- League: Pacific Championship Series
- Sport: League of Legends
- Duration: 29 February – 3 May (Spring) 20 June – 30 August (Summer)
- Teams: 10

Spring
- Season champions: Talon Esports
- Runners-up: Machi Esports

Summer
- Season champions: Machi Esports
- Runners-up: PSG Talon

PCS seasons
- 2021 →

= 2020 PCS season =

The 2020 PCS season was the first year of the Pacific Championship Series (PCS), a professional esports league for the MOBA PC game League of Legends. The PCS was created in late 2019 as a merger between the League of Legends Master Series (LMS) and League of Legends SEA Tour (LST).
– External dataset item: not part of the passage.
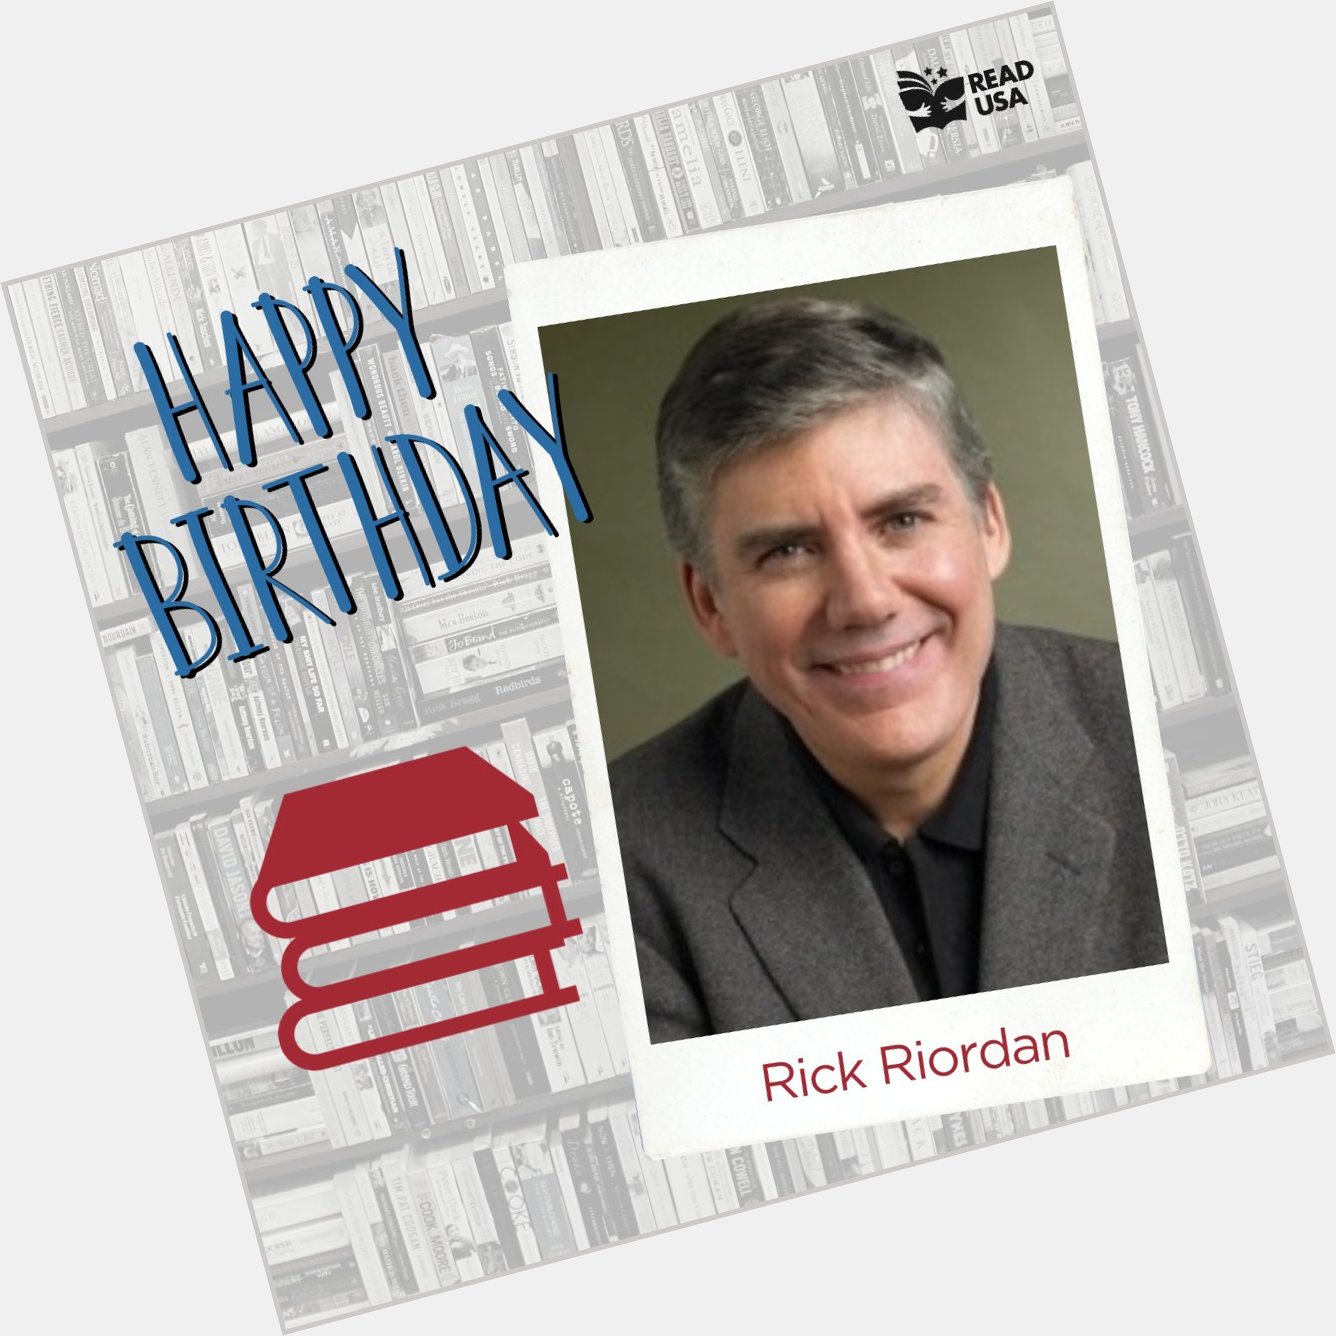 Happy Birthday Rick Riordan!

The spring regular season was initially set to begin on 8 February but was postponed until further notice on 29 January due to the global COVID-19 pandemic. It was later announced on 18 February that the 2020 season would officially begin on 29 February.

The spring split began with the first day of the spring regular season on 29 February and concluded with the spring finals on 3 May. The summer split began with the first day of the summer regular season on 20 June and concluded with the summer finals on 30 August.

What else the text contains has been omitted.